Changing the ip address of the vMA

During the initial setup on first boot of the vMA the configuration screen will ask questions regarding to ip address and hostname. If during this process an error has been made it is possible run the initial setup again.

I had this very issue as by mistake I selected "yes" to using DHCP. I spent some time looking at conf files but then found a reply on the VMWare forums that had the answer.

Go to the console screen of the vMA which will if it has just restarted prompting for a password to be set. Once this is complete follow the steps listed below:

  1. Press Alt F2 to get to the login screen
  2. Login using vi-admin
  3. Type cd /opt/vmware/vma/bin
  4. Type sudo ./vmware-vma-netconf.pl

This will come up with some rather comical text and the vi-admin password will need to be entered again. Once this has been entered the initial setup will run again allowing for any errors to be corrected.

By Paul Wood

Running vMA 4.1 on VMware Workstation

I came across this issue as I run my LAB as stated before on a laptop which means I cannot run x64 virtual machines on my ESX installations. After a quick search I came across a post by Kenneth van Ditmarsch which took me through the exact problem and below is the fix that I have tried and tested.

I have edited the two lines that need to be changed due to the "" that had been used. If the original version had been copied and pasted then the file would not work and the virtual machine fail.

After importing the new vSphere Management Assistant (vMA) 4.1 on my VMware Workstation 7 environment I noticed that it the virtual machine boots with a memory crash error. The error is “unable to access resume device” message and eventually ends with a kernel panic screen shown below.

The memory crash error can be ignored after checking CentOS blogs. The reason why the vMA virtual machine is hanging is due to the fact that its SCSI card and OS type needs to be changed in the .vmx file

Follow the steps below (credits to Justin for pointing this out to me!)

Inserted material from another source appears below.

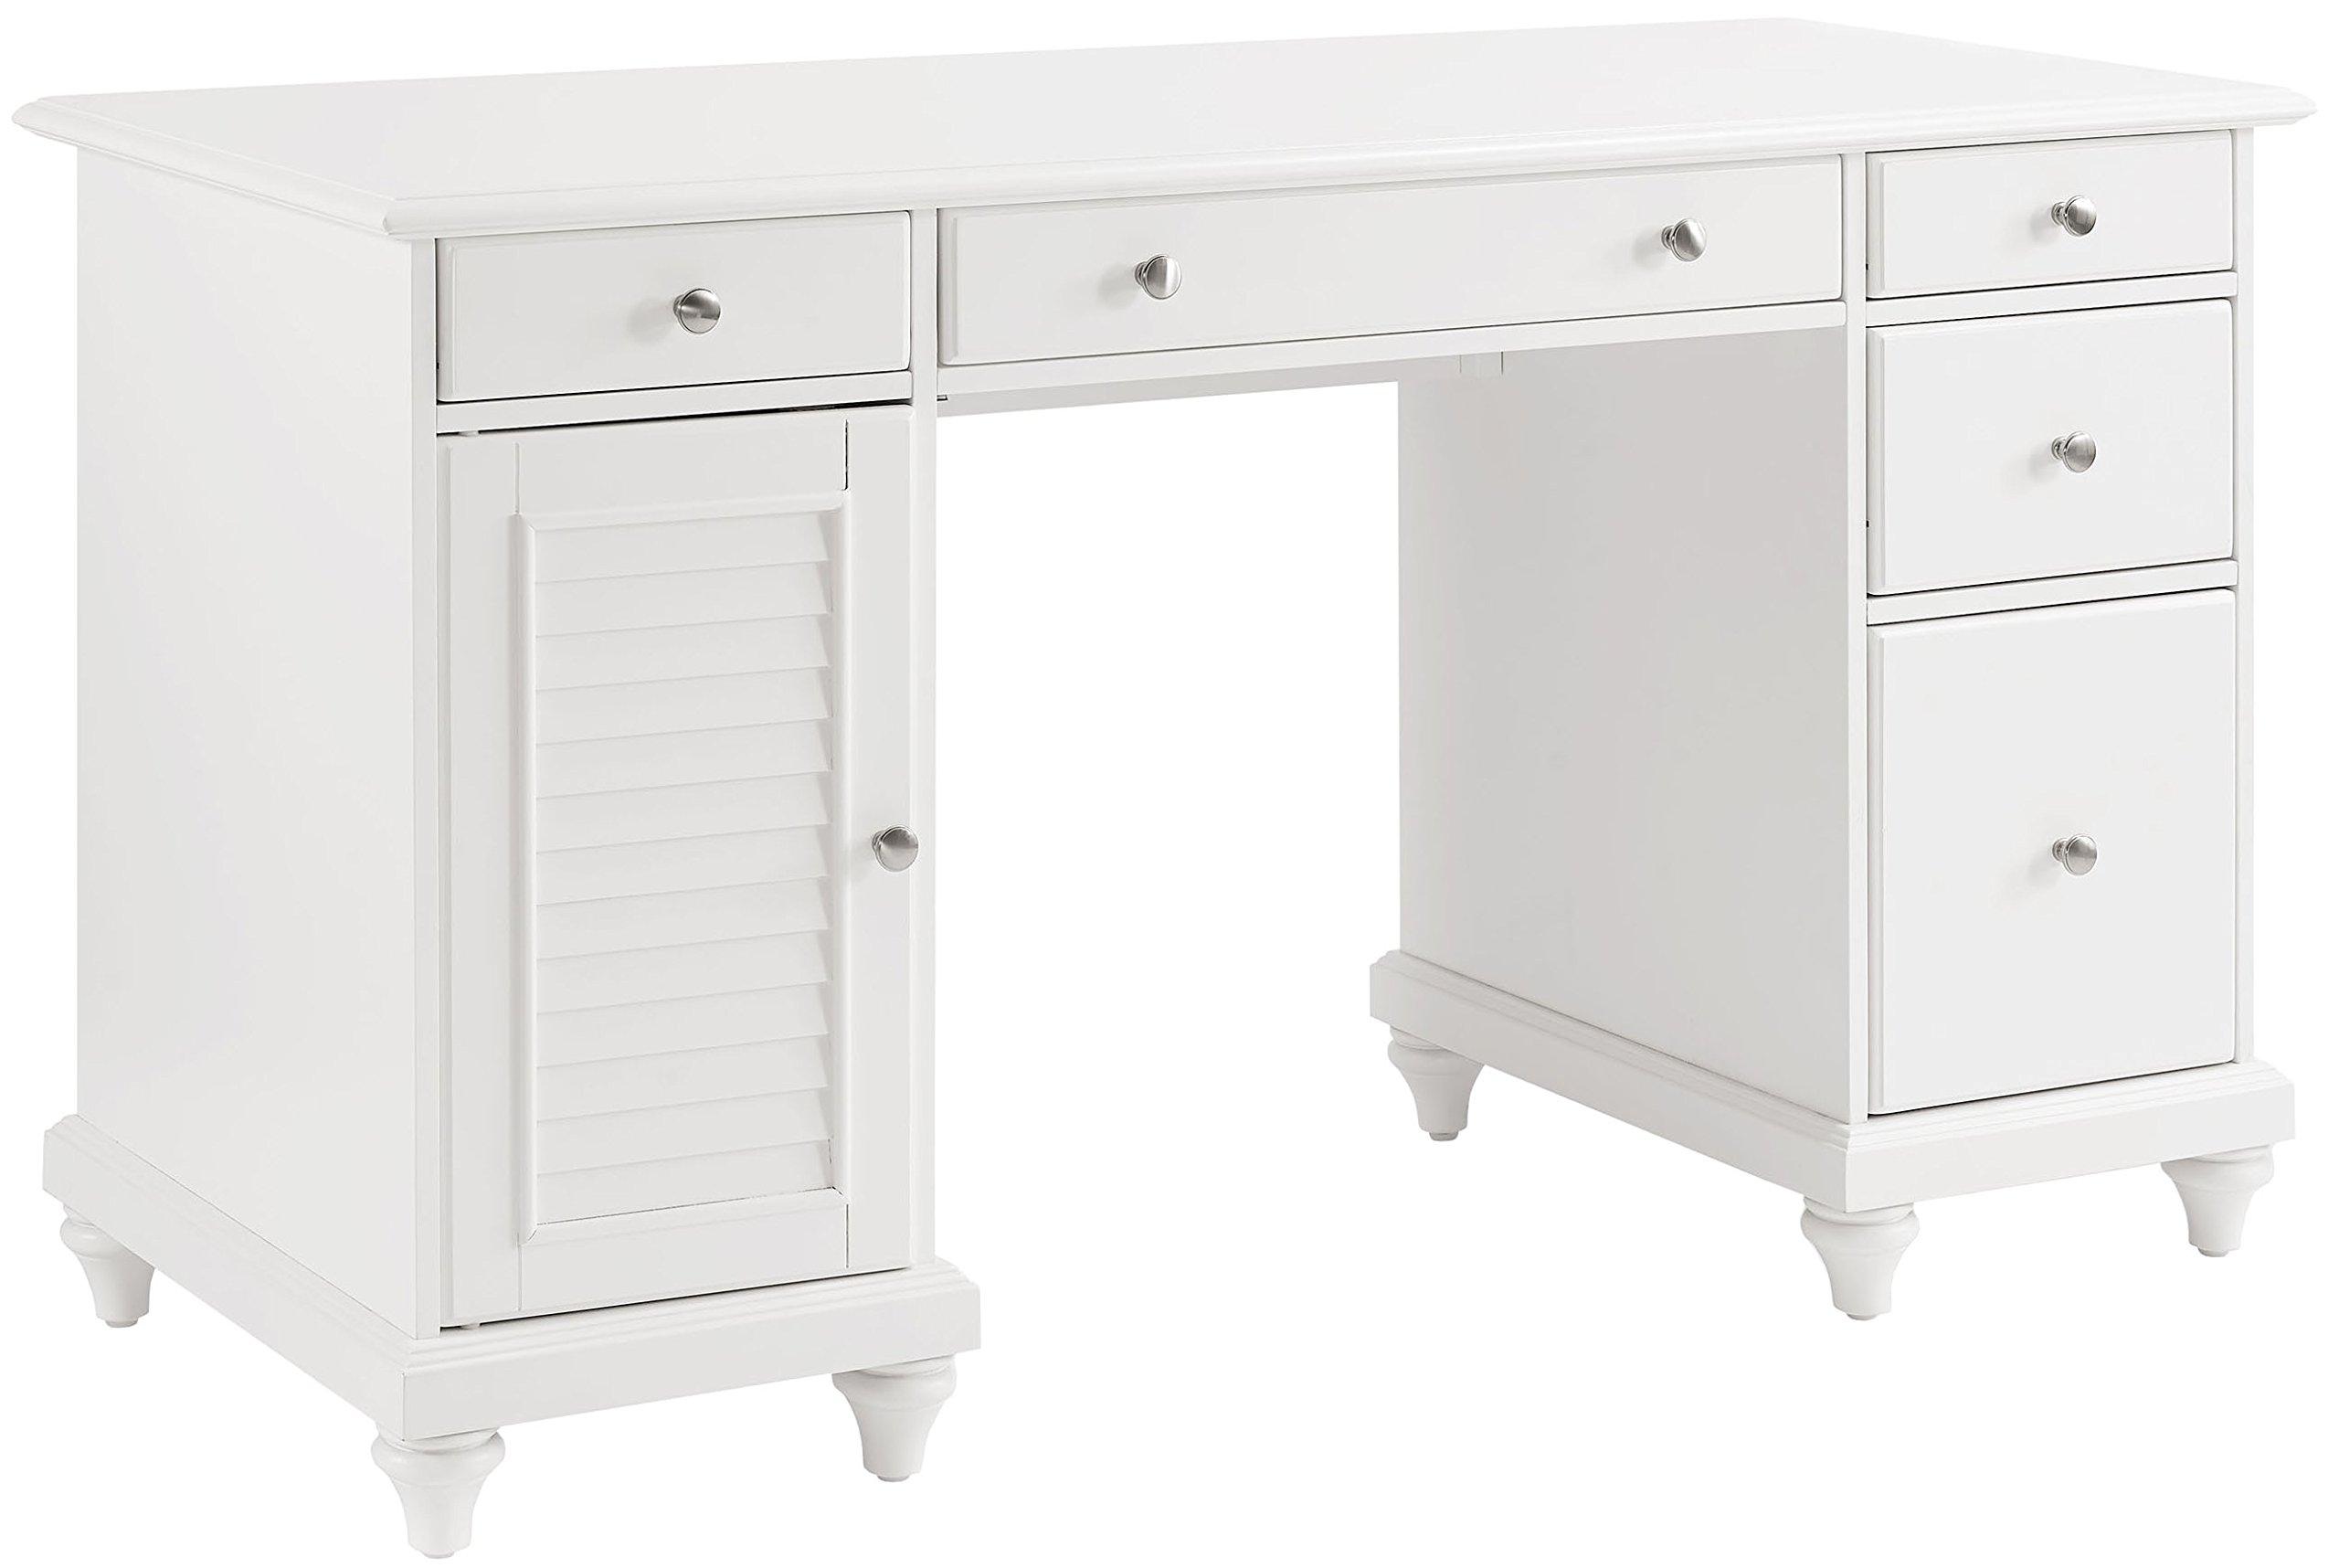 Crosley Furniture CF6507-WH Palmetto Computer Desk - White by Crosley Furniture
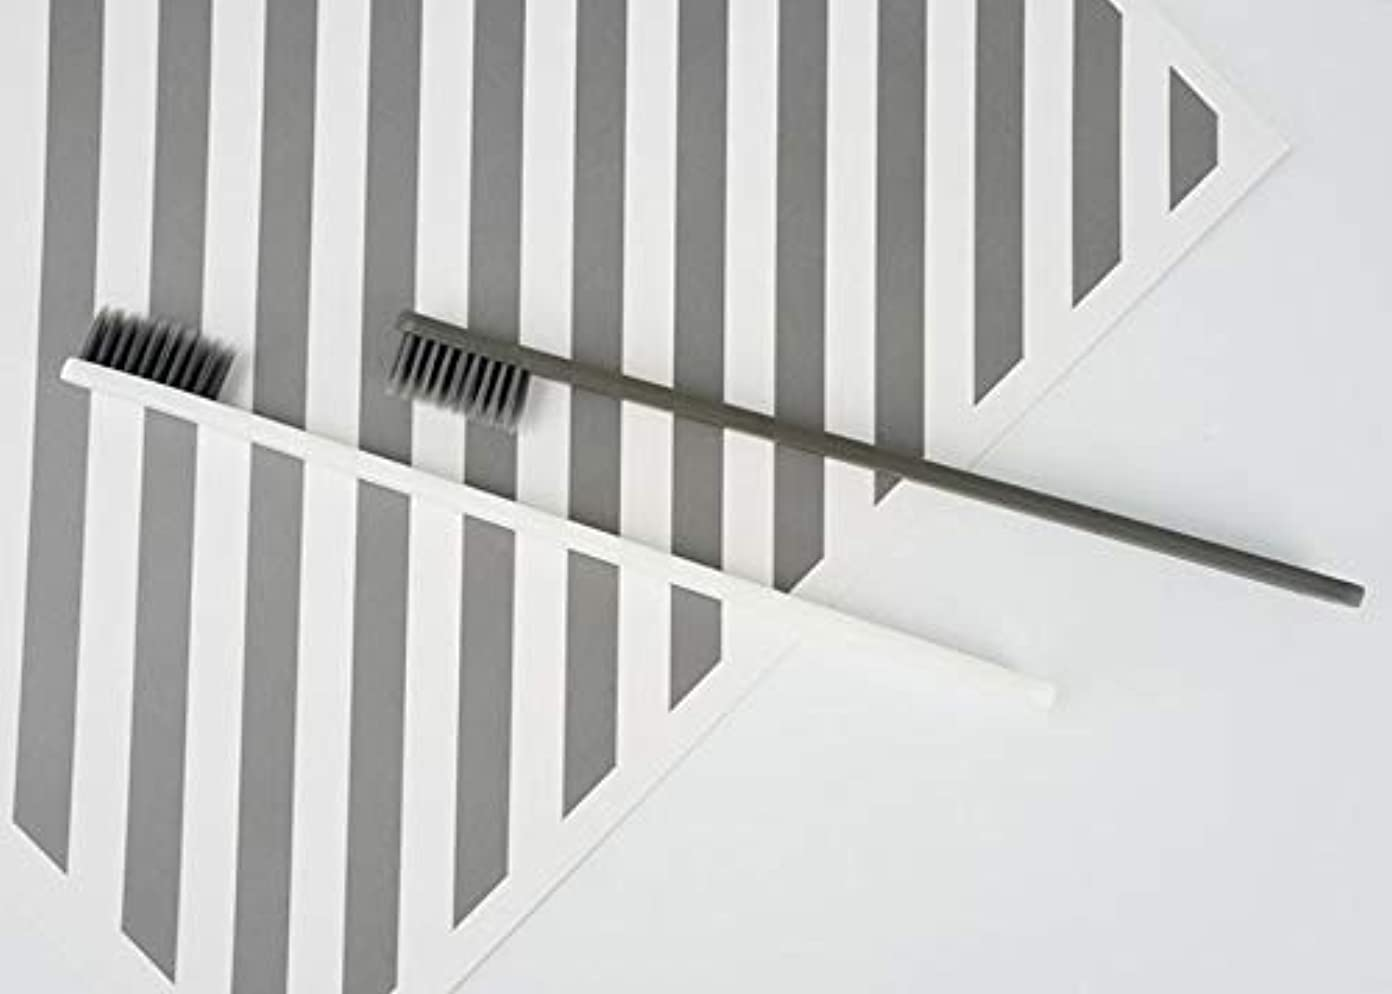 フリンジバレエ影響力のあるホテル歯ブラシ - 5個のファッション 活性炭歯ブラシ 家族のための 口腔洗浄ツール(グレー)

  • Remove the vMA from the VMware Workstation Inventory
  • Open the .vmx file and change the following to lines to be:

    scsi0.virtualDev = "lsilogic"
    guestOS = "rhel5-64"

  • Add the vMA back to VMware Workstation and boot it up.

Once the vMA has booted succesfully the configuration screen will be see. At this point follow vSphere Management Assistant Guide which will advise on how the vMA should be setup.